In that case, I would strongly urge you to consider how much effort to put into a stopgap solution built on a hack (and introducing even more hacks). Because if I understand correctly, this is not a regression or really even a bug: it's just that the very limited hacky support AGS has long had for RTL scripts imposes some inconveniences on devs that makes text formatting difficult (e.g. not being able to rely on automatic wrapping, which simply means they'll have to do so explicitly). So is it really worth it, or would it be better to devote that energy to a proper solution down the road?

Is it possible that some of the inconveniences can even be solved in script without any engine changes, simply by reversing the strings, doing any manipulations on them (including, potentially, finding the linebreak points, reordering the lines and inserting explicit linebreaks), and re-reversing them? (Or not re-reversing them, in the case of some GUI Controls apparently.)
Title: Re: How is the "proper" right-to-left text written, and wrapped?
Post by: Crimson Wizard on Fri 14/04/2023 12:30:42
Quote from: Snarky on Fri 14/04/2023 09:29:05So is it really worth it, or would it be better to devote that energy to a proper solution down the road?

Indeed, it would be better to aim a proper solution. The thing is, I don't know when this will be done, in which version etc, and at least few users already asked for this to work (and some been asking for years prior).

Before this whole conversation I was not fully aware of how RTL is stored internally normally, so I needed to test this out anyway.
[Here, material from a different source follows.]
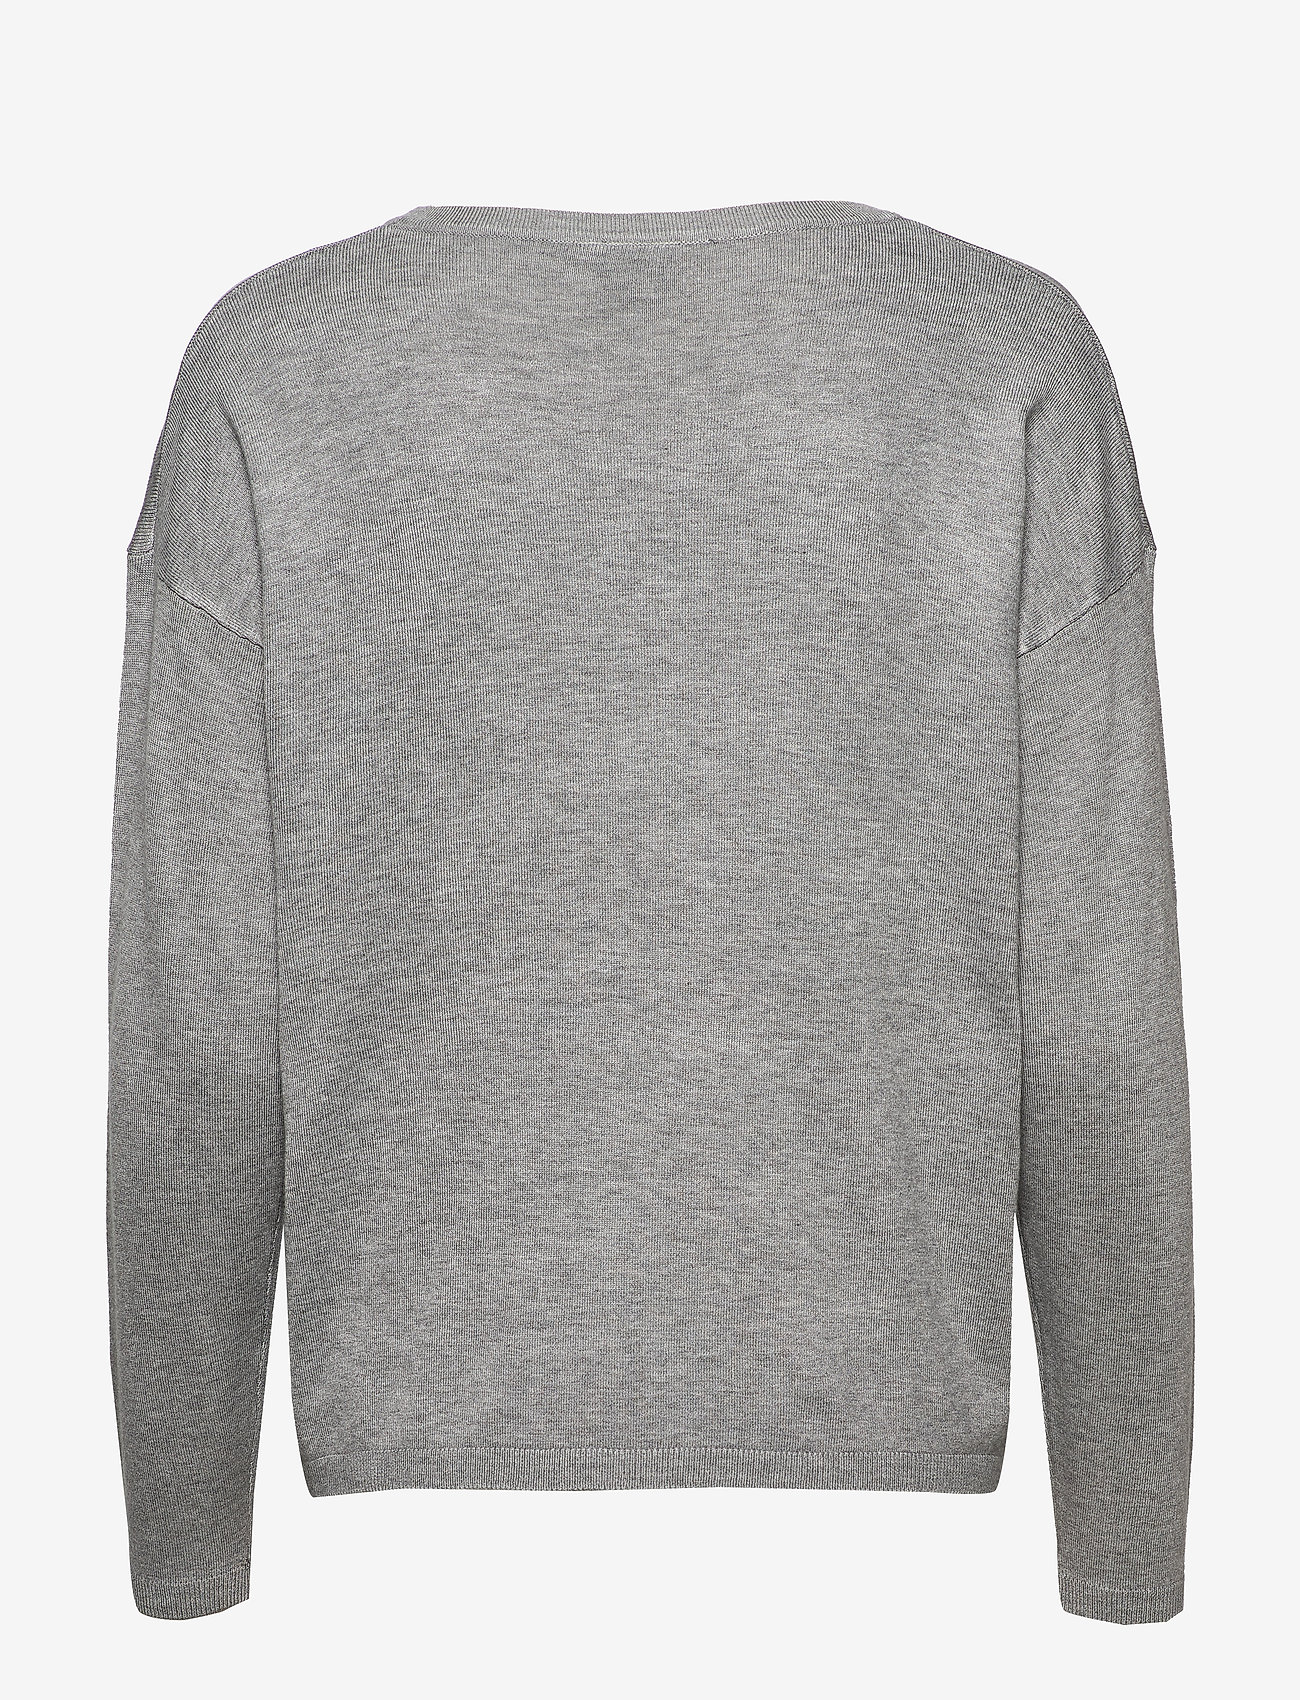 ICHI - IHMAFA V LS2 - jumpers - grey melange - 1

In regards to the quick solution that I've been testing, so far it is this:
* expand the existing "Right to left mode", adding a new choice (Right-to-left reversed);
* if this option is on, then when doing text splitting scan the text from right to left.
* also set "alignment to right" as with normal RTL.
* everything else stays the same.

I spent 3-4 hours yesterday adding this option and testing things, but got stuck at the line splitting, because the algorithm is hardcoded for left-to-right scanning. So I wanted to look if I will be able to write a "generic" one instead.

Meanwhile, I also found and fixed 2 actual bugs in 3.6.0, so that was not a fully wasted time...


Quote from: Snarky on Fri 14/04/2023 09:29:05Is it possible that some of the inconveniences can even be solved in script without any engine changes, simply by reversing the strings, doing any manipulations on them (including, potentially, finding the linebreak points, reordering the lines and inserting explicit linebreaks), and re-reversing them? (Or not re-reversing them, in the case of some GUI Controls apparently.)

Afaik this is what Mehrdad is currently doing: he puts linebreaks himself, everywhere where necessary.

Another workaround, which I mentioned above, is to keep using this converter program, but turn off the option to "reverse" text during conversion. In this case it works in the game (with normal RTL setting), but it makes all the texts look reverse in script and translation file, obviously making it inconvenient to the user (I am unaware if human can normally read Arabic and Persian in reverse same way as e.g. English can be read in reverse).
Title: Re: How is the "proper" right-to-left text written, and wrapped?
Post by: Snarky on Fri 14/04/2023 12:37:23
Quote from: Crimson Wizard on Fri 14/04/2023 12:30:42Afaik this is what Mehrdad is currently doing: he puts linebreaks himself, everywhere where necessary.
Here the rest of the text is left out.